When I was growing up in New Orleans, Louisiana food was a major part of my family’s culture. We would shop for groceries (or make groceries as it’s called down in the boot), we would cook together, and eat dinner as a family. Whenever there was a holiday my entire family would gather at an aunts house for the entire day ( or weekend) and cook together, laugh together, and just be a big happy family (I’ve got 6 aunts, their husbands, and tons of cousins too). Food for me like many people became my “happy place”.
When there was a horrible event taking place in my life, I would turn to food to lift my spirits. A high school boyfriend breaks up with me… eat some red beans and rice. I fall off my bike and sprain an ankle… have some ice cream along with that ice pack. That class I needed to register for is already full…yum, let’s have several pieces of King Cake. A habit that I unfortunately inherited from my mother. That became a pattern in my life.

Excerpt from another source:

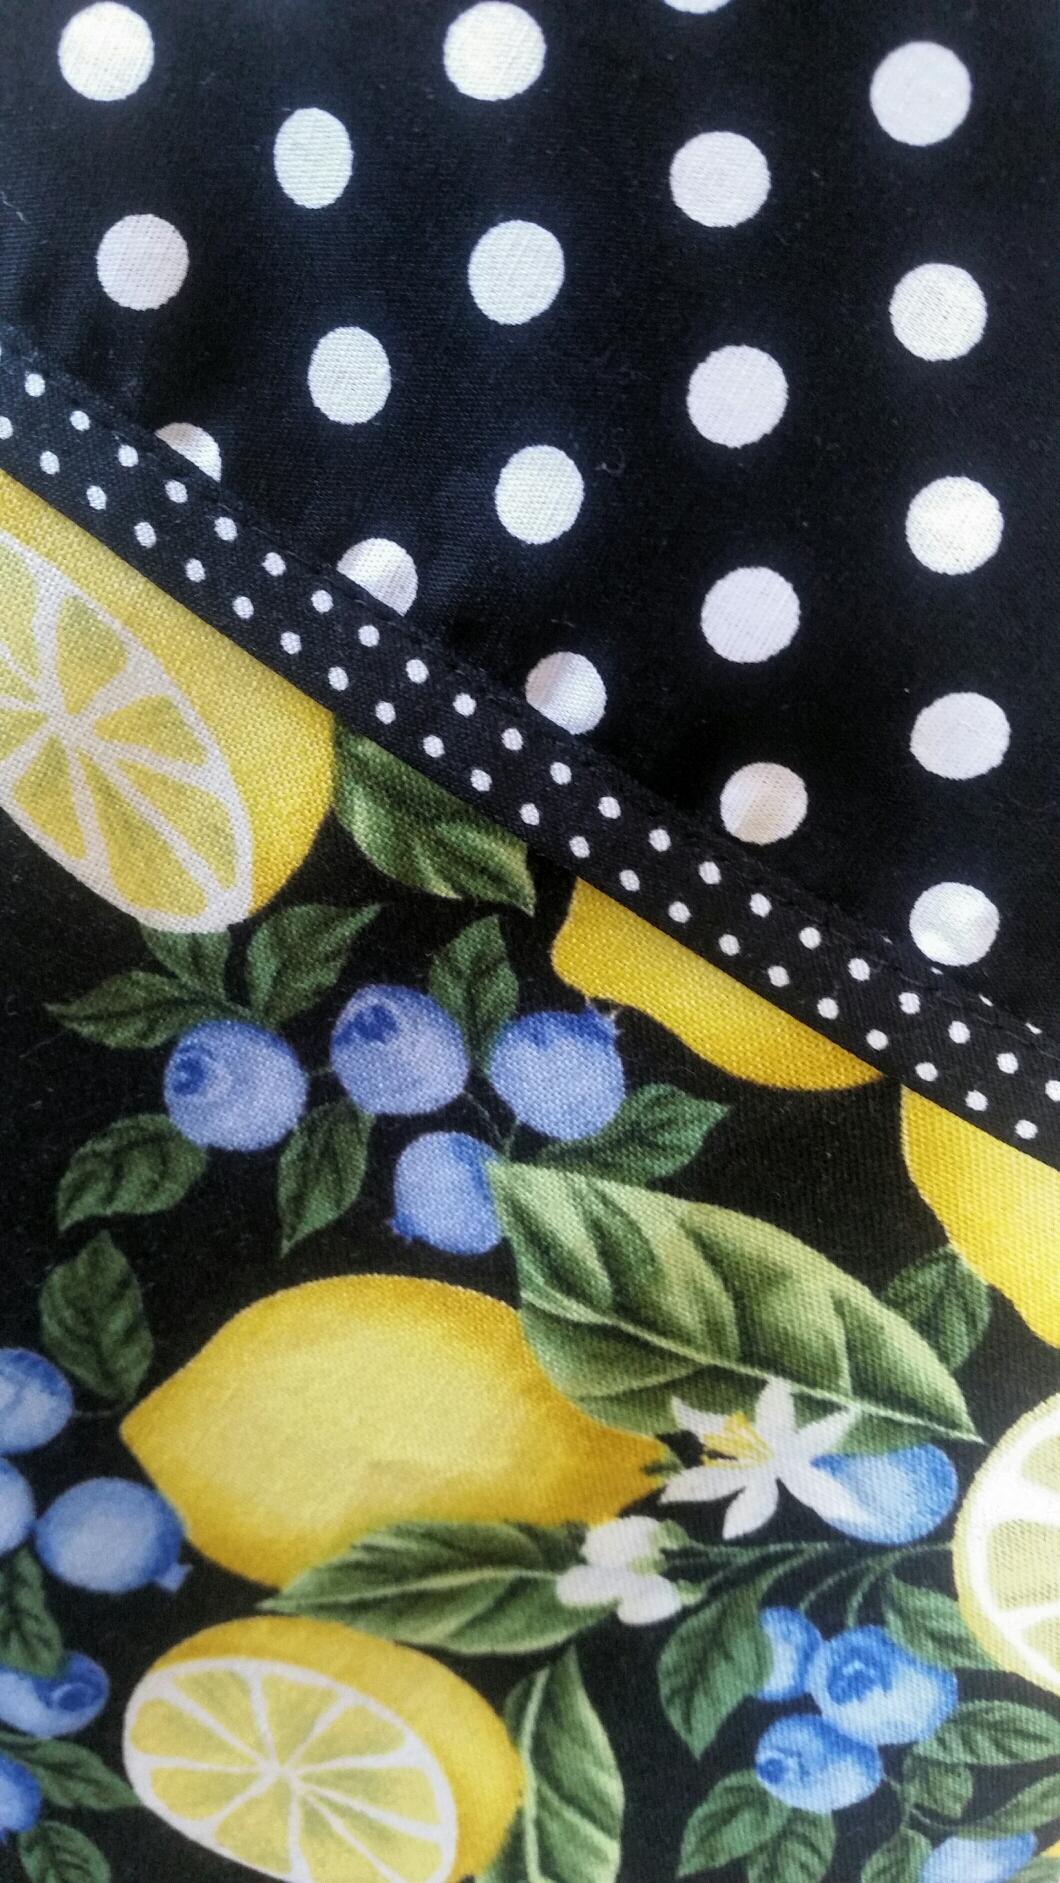 Buy white apron nz - Lemon And Blueberry Apron Black White Blue Yellow Apron Black White Spot Full Apron

Throughout my 20s I was in a constant battle with my weight. It would bounce up and down (mostly up) with the different stressors of my life. Start a Master’s program, put on 5 pounds. Move to a new city gain 5 pounds. Have the blessing of pregnancy take place and gain 40 pounds!!! Twice!! (Luckily most of the baby weight went away with breastfeeding). My 20s were a slow incline on the scale. Every year a few extra pounds would stick. I like most people thought I could run the weight away.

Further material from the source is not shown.